Fact is, aircraft are so expensive “Brand New” that a typical pilot can work an entire career and never fly an airplane that was built within the past five or ten years. It is really only insurance adjusters, viewing a photo of a burned-out smashed-up wreck high on the side of a mountain, who would say without a moment’s pause that “it’ll be cheaper to buy a new one.” (And they don’t mean new; they just mean a different used and similarly old one.)
Commercial aircraft, even little fart-cart bushplanes like the ones we fly at Hoarfrost River, are rigorously maintained and inspected, frequently refurbished and repaired. The hours of use are tracked to the nearest tenth, and the hours between inpections and overhauls of everything from seatbelt webbing to propeller blades are bound by hard and fast rules. Not loose rules of thumb, but laws, as in break-it-and-lose-your-certificate laws.
And believe me, all of these limits and times and inspections, and all of the attendant record-keeping and paperwork, is a royal pain in the keester. But the history of the industry shows that it is a system that works, and that it helps even the lowliest dirtbag bush-pilot attain the daily goal of keeping the noisy end forward and the dirty side down, and delivering everyone safely back to where they had breakfast, just in time for dinner.
I have become more resistant to the knee-jerk application of “cheaper to just buy a new one.” Partly because I suspect that this “logic” also plays to the human animal’s innate laziness, and our deep-down magpie-like desire to acquire that shiny “new one” instead of gritting our teeth and keeping our less-shiny tools soldiering along. Feeling all sensible and logical and hard-nosed about how it is cheaper to go buy a new one just helps salve our consciences as we cart the carcasses of our myriad old ones off to the dump.
The engine in our two-place Husky, model year 2004, is now coming right up to 4400 hours of air time, and this is its second TBO or “time between overhauls.” There is no wiggle room on this impending limit, and no surprise. At 2200 hours, the engine was removed and sent away for overhaul, and this time around, at 4400, it will be replaced by a “factory re-manufactured” engine straight from Lycoming in Pennsylvania. That is our choice. Sometime in mid-winter I will fly the Husky down to the maintenance hangar in Fort Nelson, in its final hours before the cutoff, and the engines will be swapped out, pretty-much-new for pretty-much-old. I wonder whether I will even see another TBO, 2200 hours ahead, as pilot of C-GTYC. Somehow I doubt it.
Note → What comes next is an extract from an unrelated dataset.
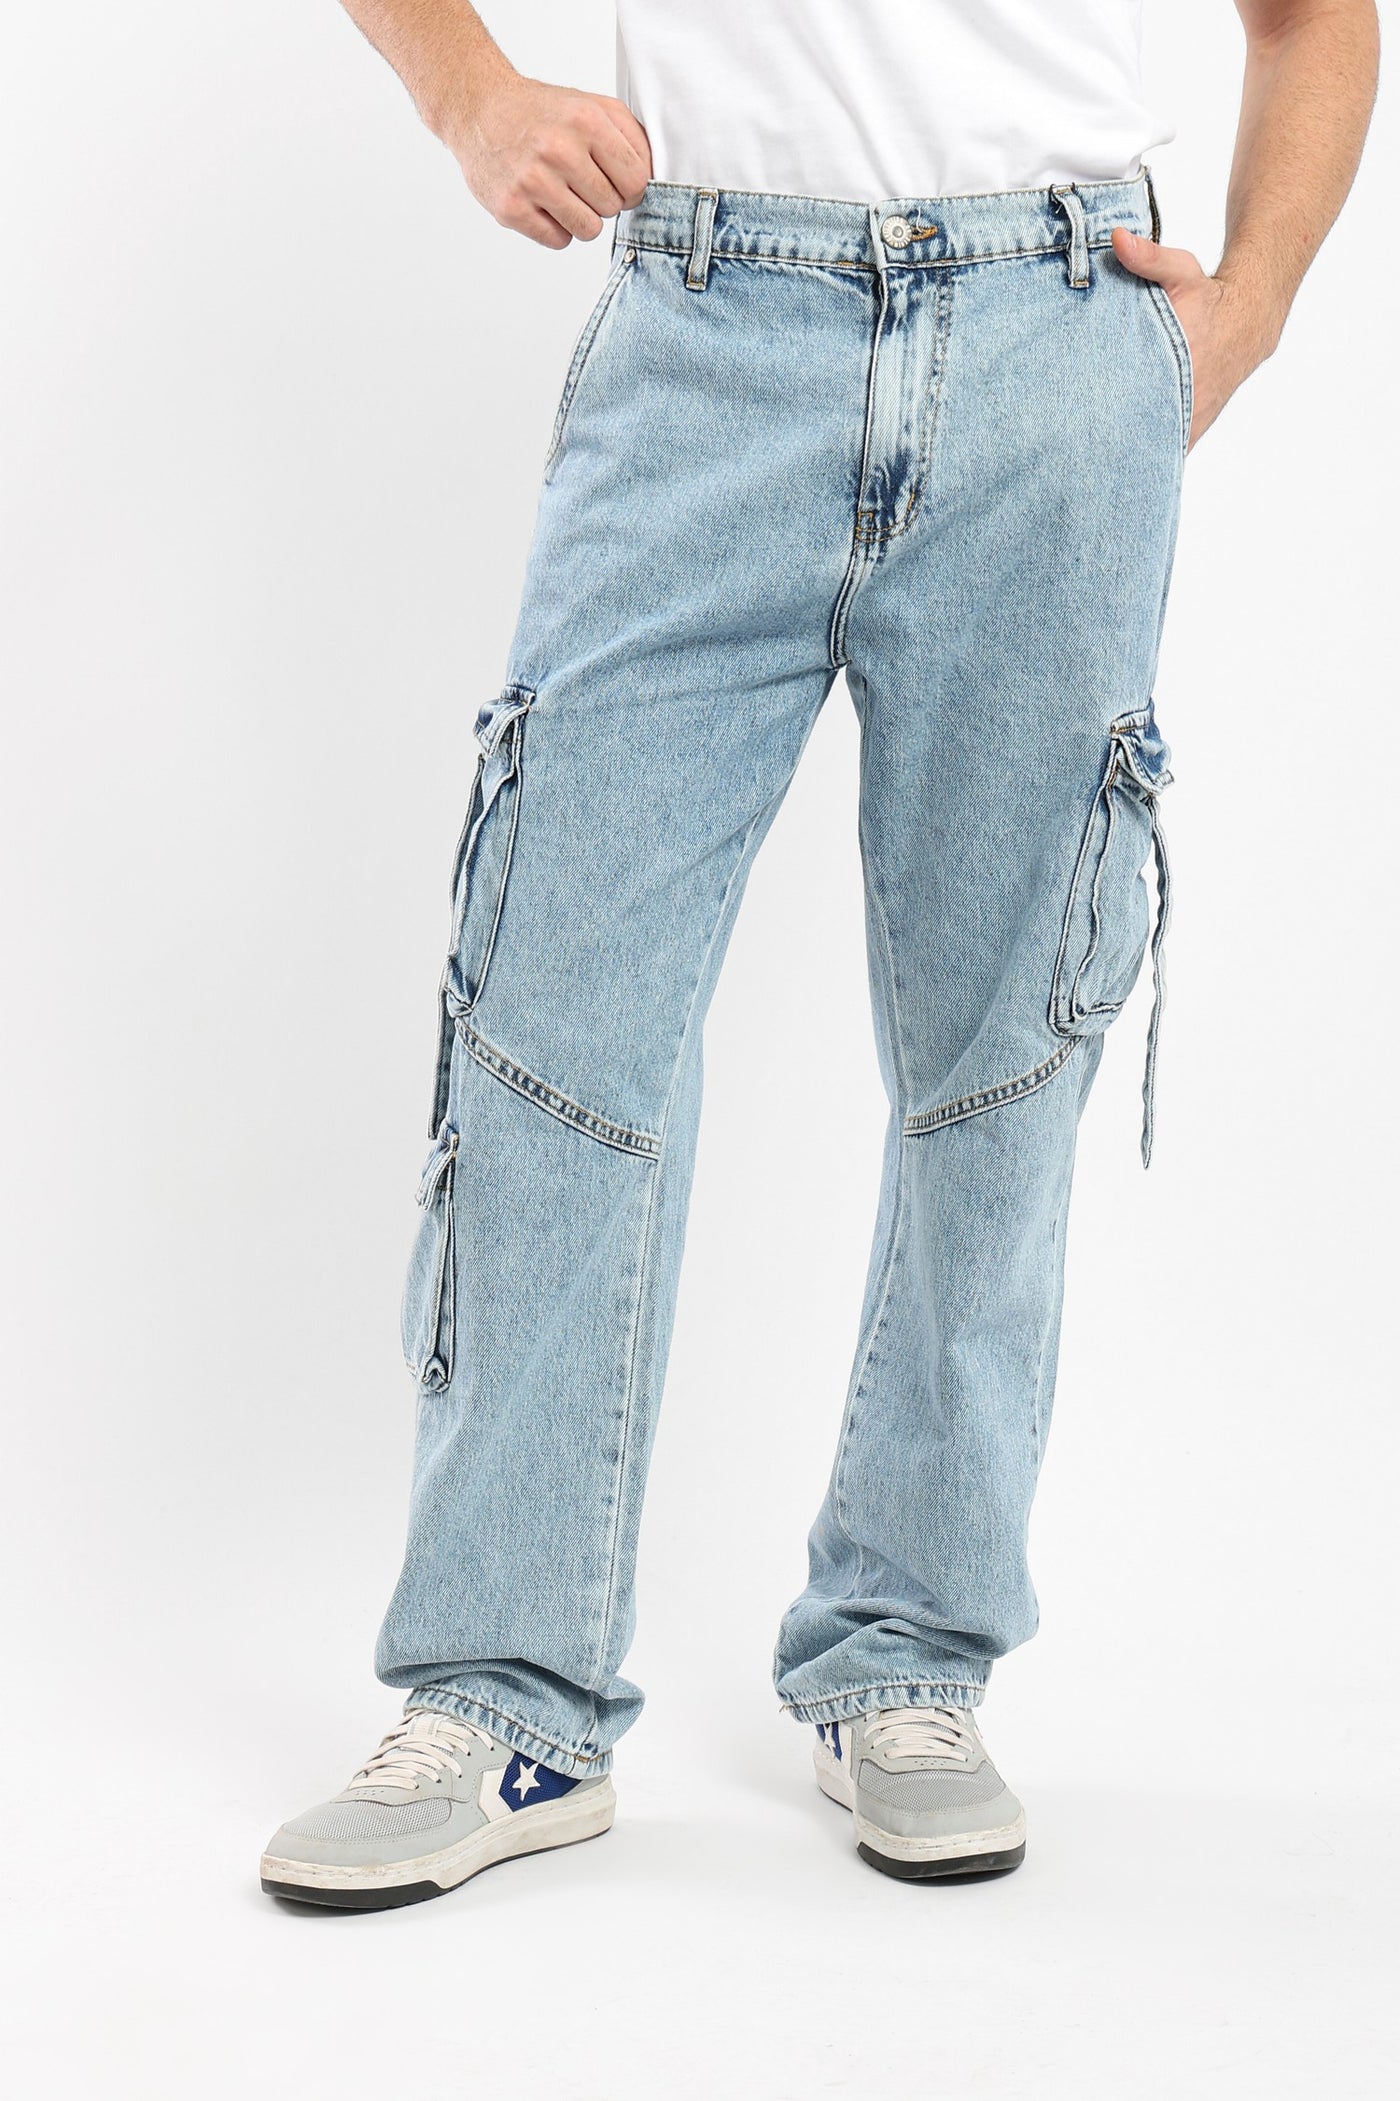 Jeans Cargo - Side Flap Pockets

The difference between aviation and our day-to-day life with other mechanical contraptions is that there is a sizable value represented by the time-expired engine, which now becomes known as a “core,” to the tune of 16,000 U.S. dollars. “This is an expensive game we play,” as a helicopter pilot said to me the other day out at our place. No kidding. The silver lining in such painfully expensive transactions is that there is not a “new one” anywhere in the picture, and that is good. It helps to debunk the “cheaper to just go buy a new one” mindset, and that is a mindset we all need to try to debunk. Because in the long long run, it can be better to keep old stuff running than to run out the door, Visa card quivering, in search of something new.